# LeetCode111. Minimum Depth of Binary Tree（二叉树 / 搜索）

## LeetCode111. Minimum Depth of Binary Tree（链表 / 搜索）

• Easy
• Accepted：275,214
• Submissions：789,211

Given a binary tree, find its minimum depth.

The minimum depth is the number of nodes along the shortest path from the root node down to the nearest leaf node.
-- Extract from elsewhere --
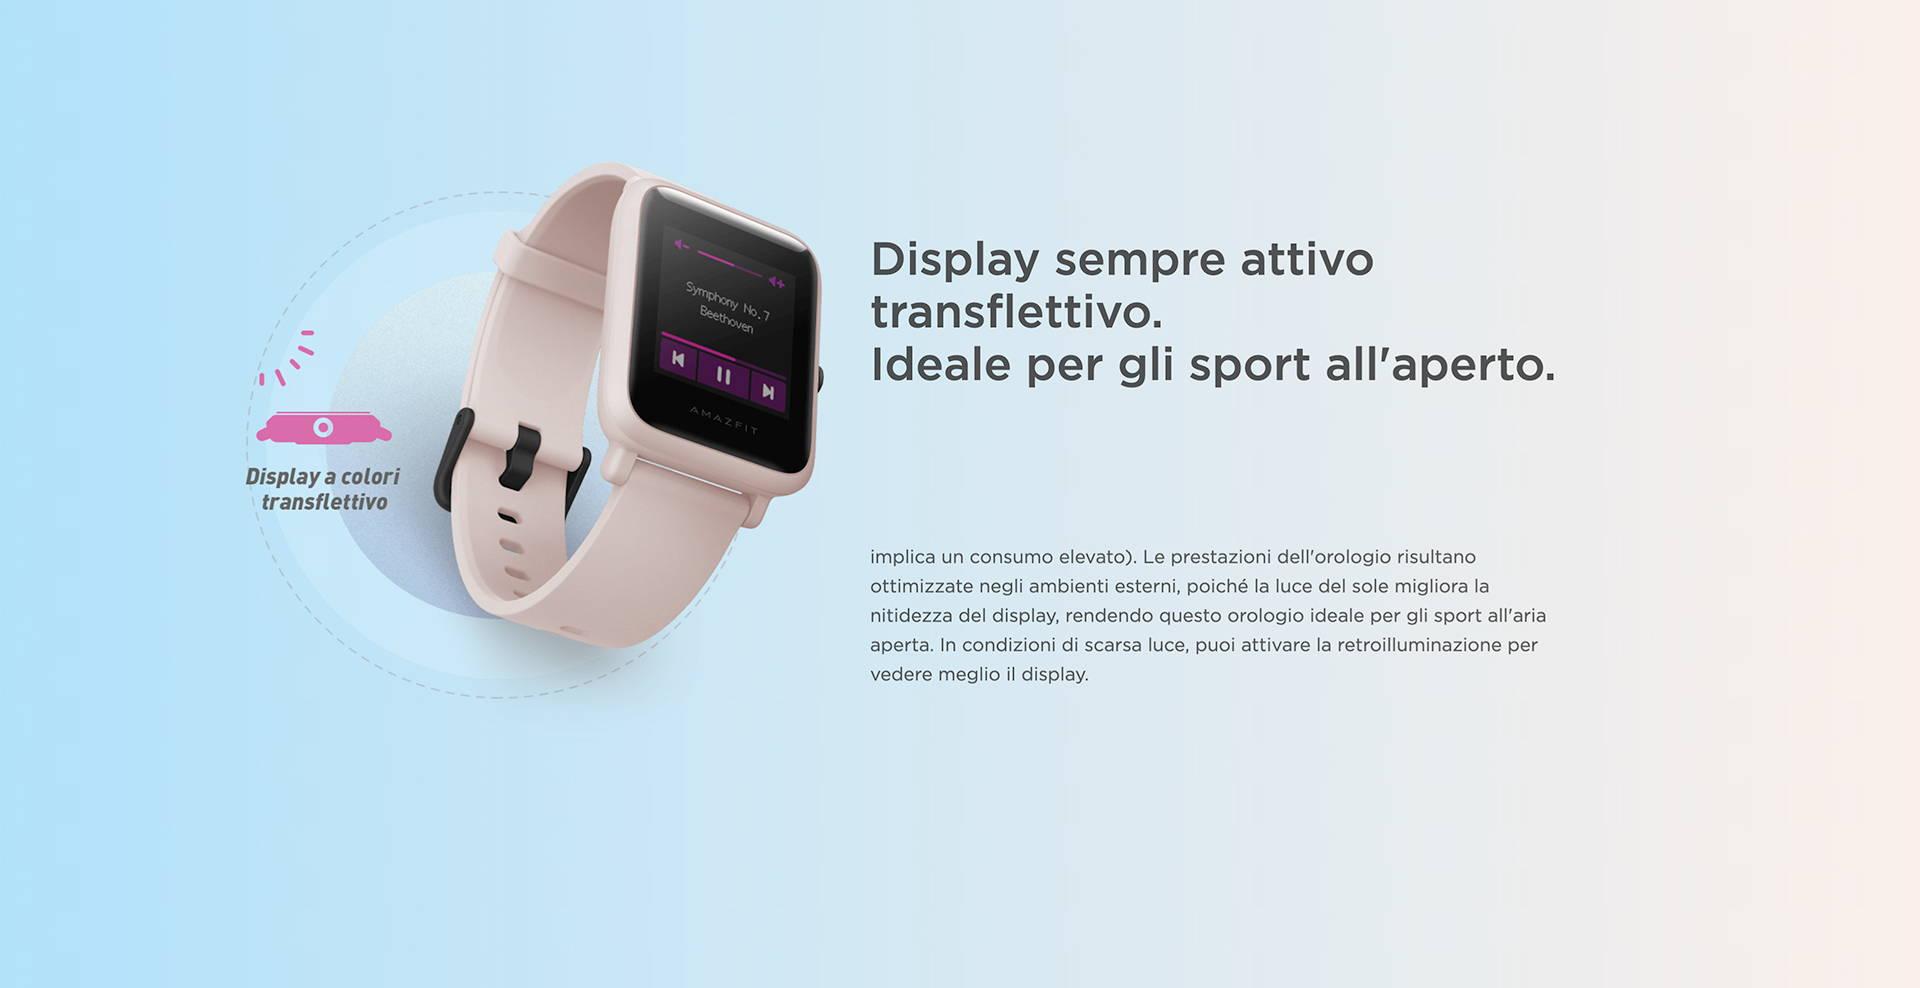 Amazfit IT - Amazfit Bip S Lite - Display sempre attivo transflettivo | Ideale per gli sport all'aperto.

Note: A leaf is a node with no children.

Example:

Given binary tree [3,9,20,null,null,15,7],

    3
/ \
9  20
/  \
15   7

return its minimum depth = 2.

### 链接

https://leetcode.com/problems/minimum-depth-of-binary-tree

### 题解

• 使用dfs，对当前结点，如果它的左子树为空，那么就得考虑它的右子树；如果它的右子树为空，那么就得考虑它的左子树，如果都不为空，那么就取左右子树深度的最小值。因为如果恰好有一个子树为空，那么当前结点就不是叶子节点，而深度只能从非空子树中产生。
• 使用bfs，层次遍历，对于当前结点，如果其左子树和右子树都为空，那么直接返回就行了。
• 实际上使用bfs比较好，考虑一颗二叉树，如果它的左子树有100个结点，右子树只有1个结点，那么使用dfs需要遍历101个结点而bfs只需要遍历2个结点。

### 代码

• Runtime: 16 ms, faster than 99.78% of C++ online submissions for Minimum Depth of Binary Tree.
• Memory Usage: 19.8 MB, less than 58.91% of C++ online submissions for Minimum Depth of Binary Tree.
// dfs

class Solution {
public:
int minDepth(TreeNode* root) {
if (root == NULL)
return 0;
int leftMinDepth = minDepth(root->left);
int rightMinDepth = minDepth(root->right);
return (leftMinDepth == 0 || rightMinDepth == 0) ?
leftMinDepth + rightMinDepth + 1 : min(leftMinDepth, rightMinDepth) + 1;
}
};
• Runtime: 16 ms, faster than 99.78% of C++ online submissions for Minimum Depth of Binary Tree.
• Memory Usage: 19.6 MB, less than 73.09% of C++ online submissions for Minimum Depth of Binary Tree.
// bfs

class Solution {
public:
int minDepth(TreeNode* root) {
if (root == NULL)
return 0;
queue <TreeNode* >q;
q.push(root);
int ans = 0;
while (!q.empty())
{
++ans;
int n = q.size();
for (int i = 0; i < n; ++i)
{
TreeNode* p = q.front();
q.pop();
if (p->left == NULL && p->right == NULL)
return ans;
if (p->left != NULL)
q.push(p->left);
if (p->right != NULL)
q.push(p->right);
}
}
return 0; // can not reach
}
};

### 参考

https://leetcode.com/problems/minimum-depth-of-binary-tree/discuss/36045

The end.
2019年3月7日 星期四